Watching the pursuing ship, Shef, as he had expected, saw her yaw to bring her beam round. “On the word, swing her hard to starboard,” he said quietly. “Now.”

The Walrus swung briskly round. At the same moment Brand shouted to his crew to lift their oars, let the boat run freely under sail. The oars heaved smartly together out of the water. A hum in the air, three oarsmen together span out of their seats, landed in the belly of the ship, cursing or moaning. Shattered pieces of oar flew up in the air, splashed slowly into the sea. The mule-stone that had smashed through them just above head-height flew on, hit the water, bounced from wave to wave to wave before sinking.
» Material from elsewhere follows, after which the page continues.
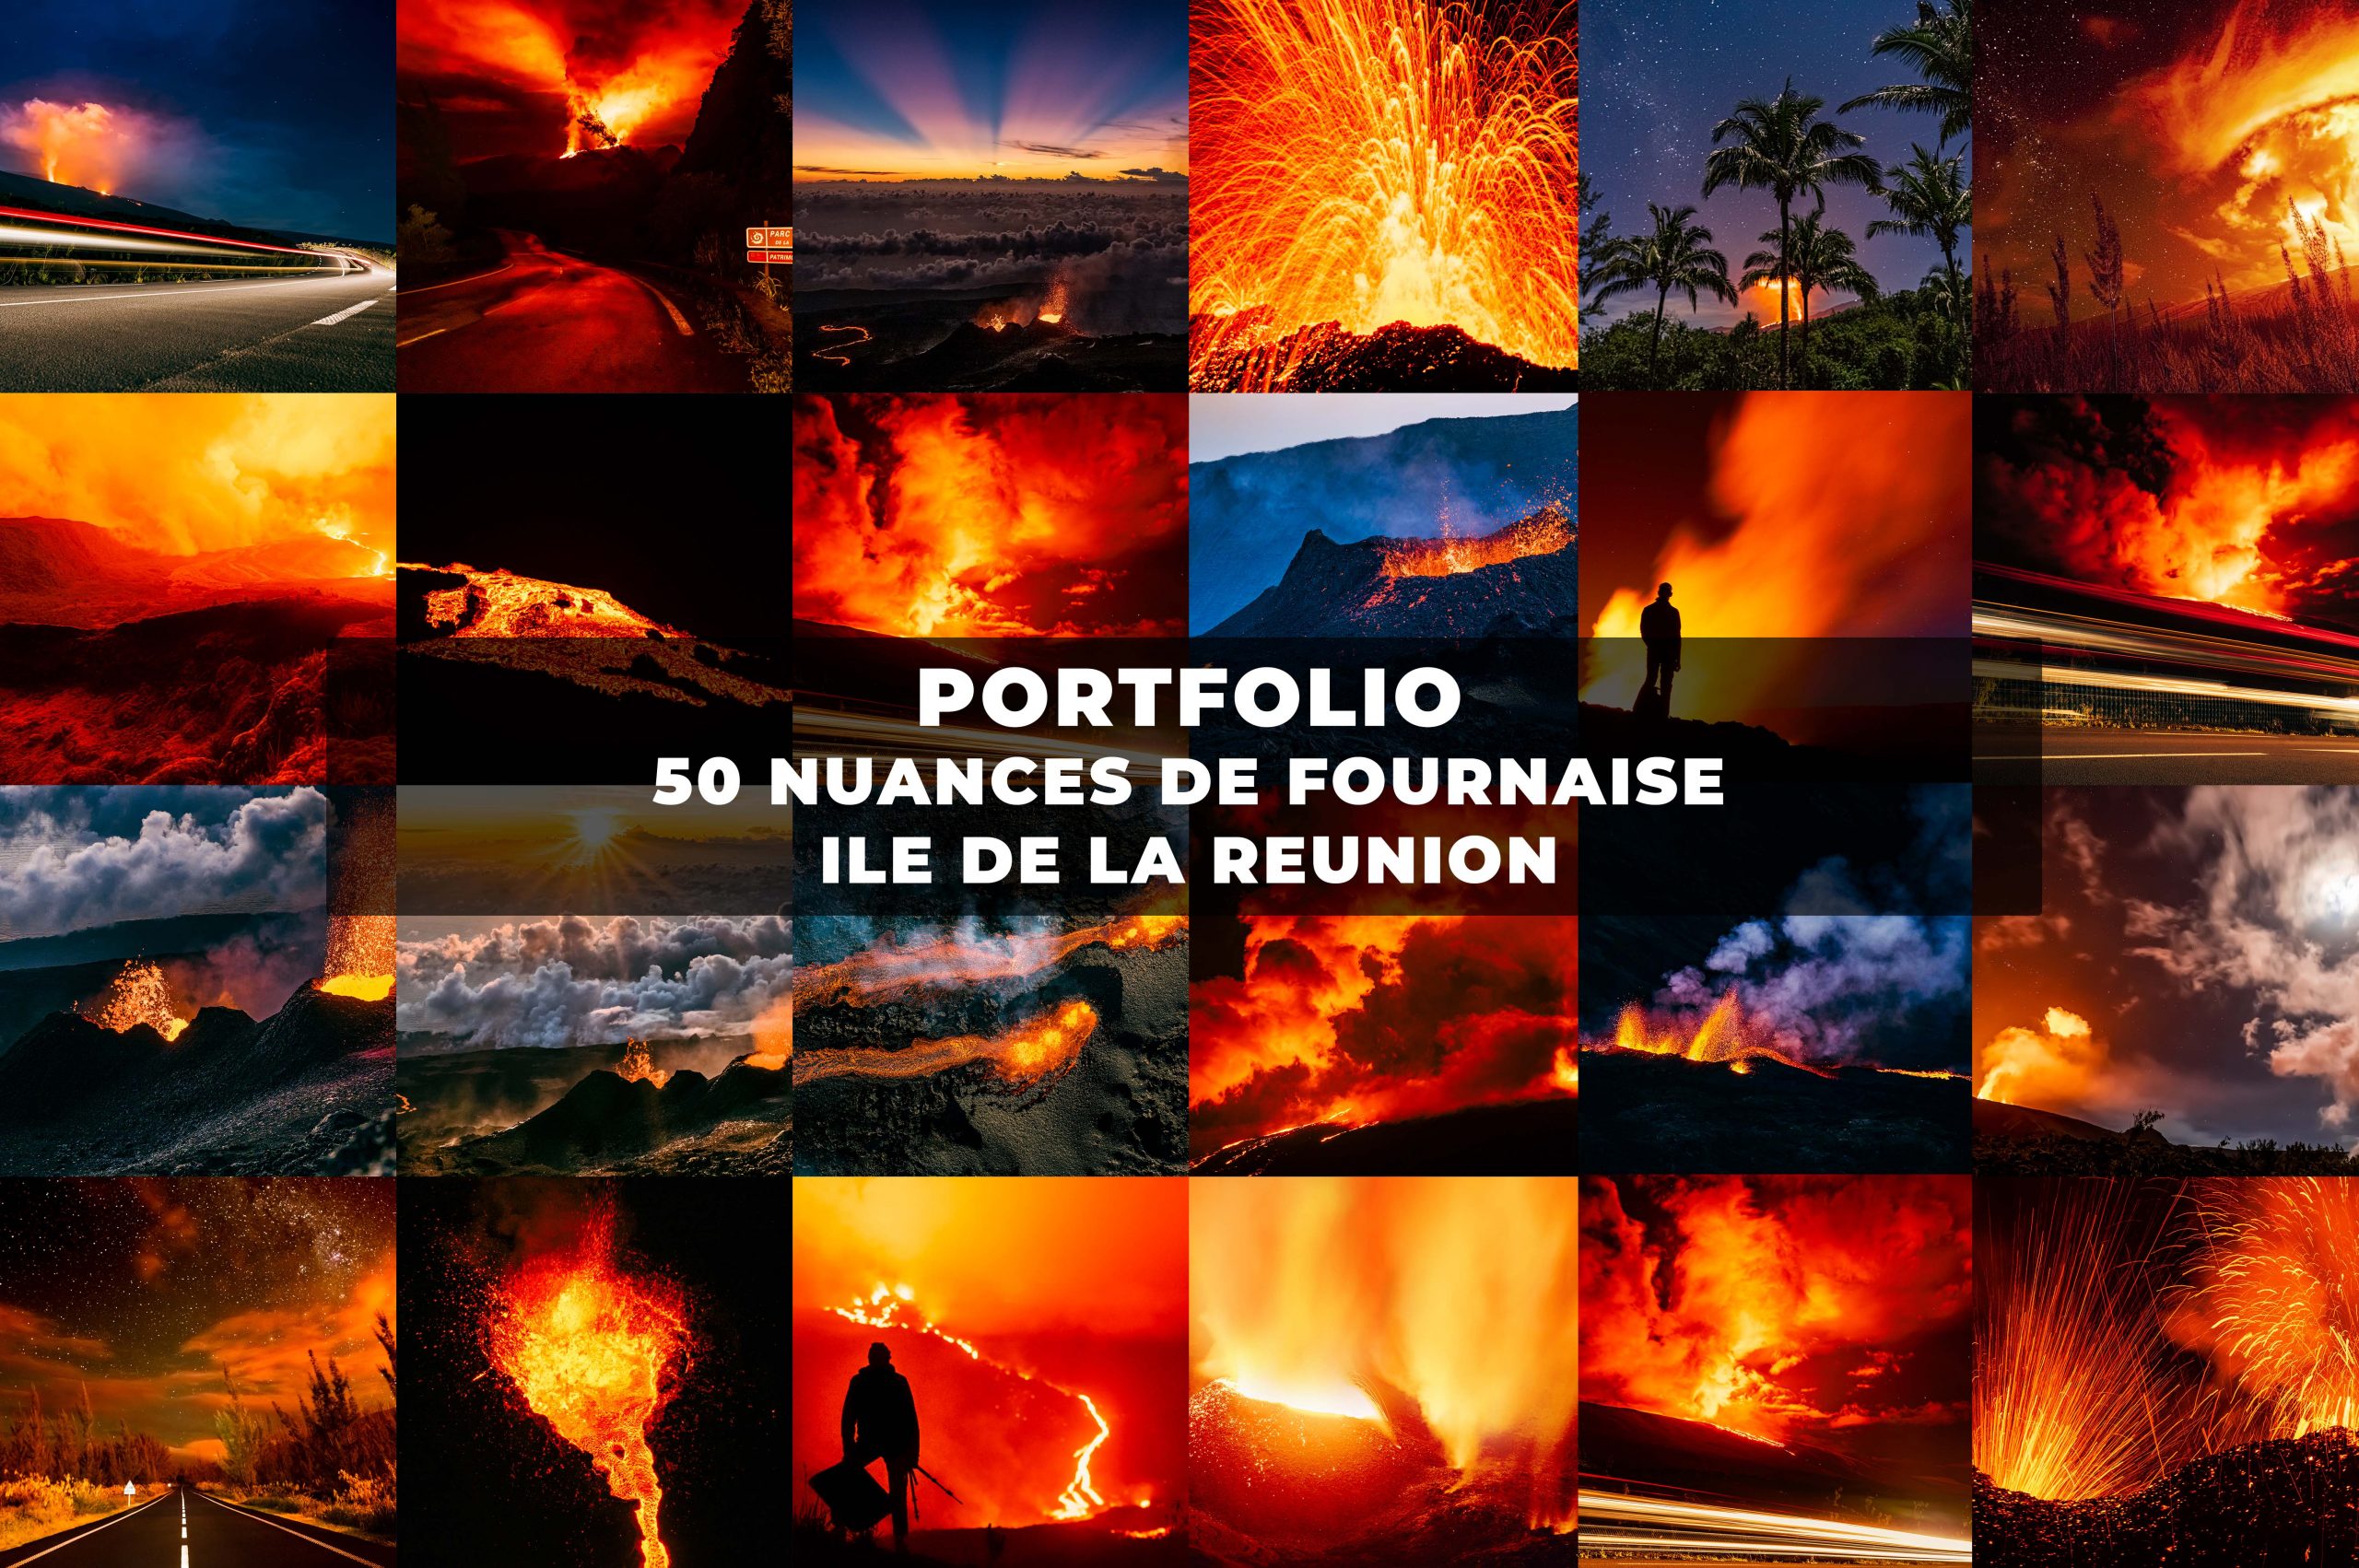 Portfolio 50 Nuances - Piton de La de Fournaise, île de La Réunion © Brieuc Coessens

“They were talking about fitting one of those,” said Brand. “But they said she’d never take the recoil. Must have rerigged her internally along with the two masts.”

“But who’s crewing the mule?” asked Shef, still watching the ship behind them trying to make up lost distance, alert for any second swerve that would bring the mule round to bear. It was fortunate this was a stern chase and Ragnhild’s men could not shoot over the bow. “Renegades of mine? But where would they have got them from?”

“The Way has been very interested in all that you did,” put in Thorvin, standing close to Brand. “They built copies of all the machines you made. Valgrim could have built the mule and found a crew. Some of his friends are priests of Njörth, would know how to rebuild a ship. What are we going to do? Run back into the Gula-fjord and hope to fight them on land?”

Shef was once more staring intently at the activity in the bow of the pursuing ship. She had lost way by turning beam-on to shoot, and now both were under sail the Walrus and her consort were making ground with every wave. The ships had begun half a mile apart. Now they were certainly more than that. Even at that distance, though, Shef was certain that he could make out a tall figure, a tall female figure, standing in the very prow of the ship, long hair streaming disheveled. Ragnhild coming after him. Chasing him, however fast they sailed, into a long fjord with no other exit. And they were certainly doing something strange in the prow there. Could they have built a mule that did not need to be bedded low down and centrally in a ship?

Light showed behind Ragnhild, fire, a strong fire blazing brightly. At the same moment Shef’s brain recognized the motions of the men round it. He had never seen a catapult being wound from in front of it before, but that was what they were doing—had been doing, for they had just jumped back to clear the view for the shooter, just like Cwicca’s crew. Not a mule, one of the great dart-shooters he had used himself to release Ella and to break Ivar Ragnarsson’s army.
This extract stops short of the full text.